Deployment Options
Introduction
This document serves as a primer for organizations looking to decide which deployment model of Qualytics is right for them. It provides an overview of the two primary deployment models and considerations when making this decision.
Overview
The following two deployment models are supported for the Qualytics platform:
- Model 1: Platform as a Service Deployment: to a single-tenant virtual private cloud (VPC) provisioned by Qualytics on infrastructure that Qualytics manages
- Model 2: Customer-Managed Deployment: to a CNCF compliant kubernetes control plane on Customer managed infrastructure (including on-premises options)
Across both models, the following is true:
- Raw customer data is not stored at-rest but derivative data and select values may be held in the dedicated VPC
- READ access is required to connect a datastore to the Qualytics Platform
- WRITE access to Customer chosen datastore is required for enrichment data
Model 1: Platform as a Service (PaaS) Deployment
Overview
In this model, the Qualytics platform is deployed to a single-tenant virtual private cloud provisioned by Qualytics and with the provider and in the region of Customer's choosing.

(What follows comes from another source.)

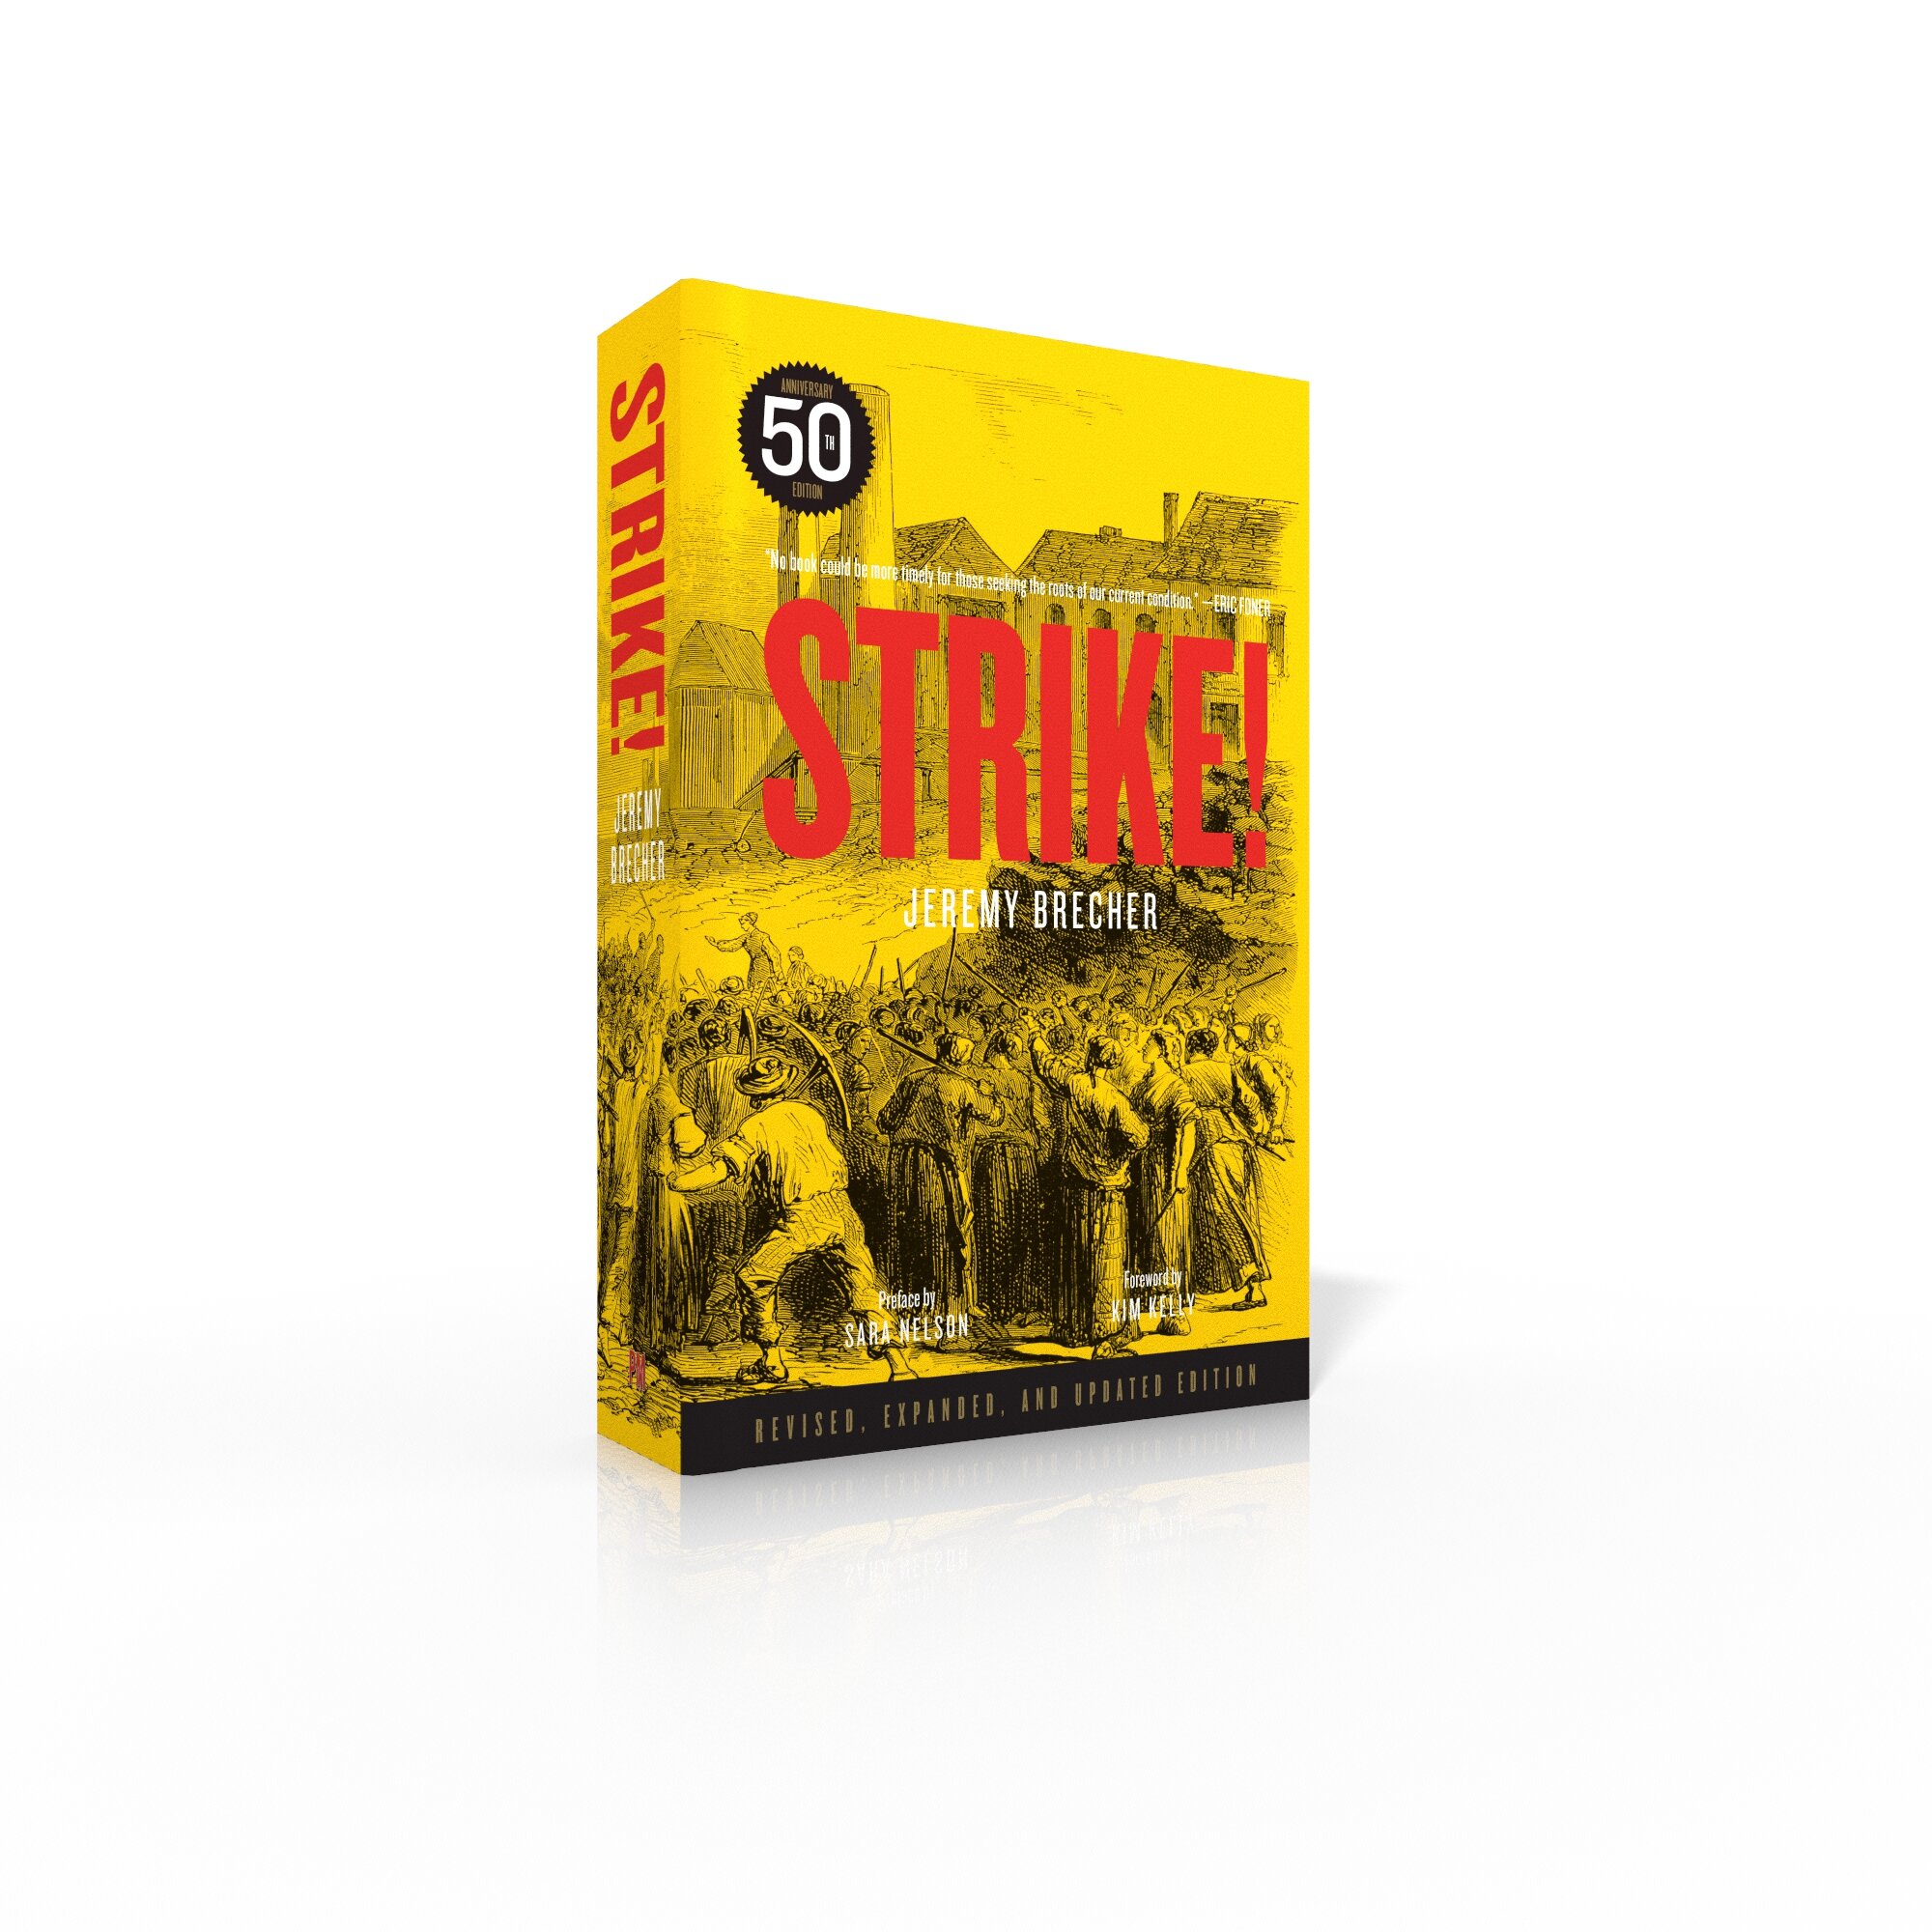 Strike_50th_anniversary_3D.jpg

This VPC is not shared (single-tenant) and contains a single Customer Qualytics deployment.
Supported Cloud Providers
Depending on Customer's cloud infrastructure, this option uses one of the following:
- EKS (Elastic Kubernetes Service)
- AKS (Azure Kubernetes Service)
- GKE (Google Kubernetes Engine)
- Oracle OKE (Oracle Container Engine for Kubernetes)
Network Requirements
This model requires that the provisioned VPC have the ability to access Customer's datastore(s). In the case of publicly routable datastores such as Snowflake or S3, no extra configuration is required. In the case of private datastore(s) with no public IP address or route, the hosted VPC will require private routing using: PrivateLink, Transit Gateway peering, point to point VPN, or similar support to enable network access to that private datastore.
Considerations
This is Qualytics' preferred model of deployment. In this model, Qualytics is fully responsible for the provisioning and operation of the Qualytics platform. Customer is only responsible for granting the Qualytics platform necessary access.
Model 2: Customer-Managed Deployment
Overview
In this model, the Qualytics platform is deployed to a CNCF compliant kubernetes control plane on Customer managed infrastructure, which can include on-premises deployments.
System Requirements
This option supports deployments to any Kubernetes control plane that meets the following system requirements:
- Any Kubernetes version that is officially supported for patches running any CNCF compliant control plane
- A minimum 16 cores and 80 gigabytes of memory available for workload allocation
- Assigned a Customer resolvable fully-qualified domain name for the https ingress to the Qualytics UI
- (optional) Grant Qualytics an admin-level ServiceAccount to the cluster for pushing automated upgrades
Network Requirements
This model requires that the kubernetes nodes supporting Qualytics' analytics engine have the ability to access Customer's datastore(s). Because Customer hosts the Qualytics deployment, Customer is solely responsible for ensuring the necessary network configuration and support.
Considerations
This model supports organizations that due to regulatory or other restrictions cannot permit READ access to their datastore(s) from a third-party hosted product. This model requires Customer to manage and operate the appropriate infrastructure and ensure it is granted all necessary access to the targeted datastore(s).
For deployments to supported commercial kubernetes control planes (EKS, AKS, GKE, OKE) and at the Customer's discretion, Qualytics will provision the deployment and transfer ownership of the applicable infrastructure to the Customer. Otherwise, the Customer shall be responsible for both the provisioning of a cluster meeting the requisite system requirements and the deployment of the Qualytics platform via Qualytics provided Helm chart.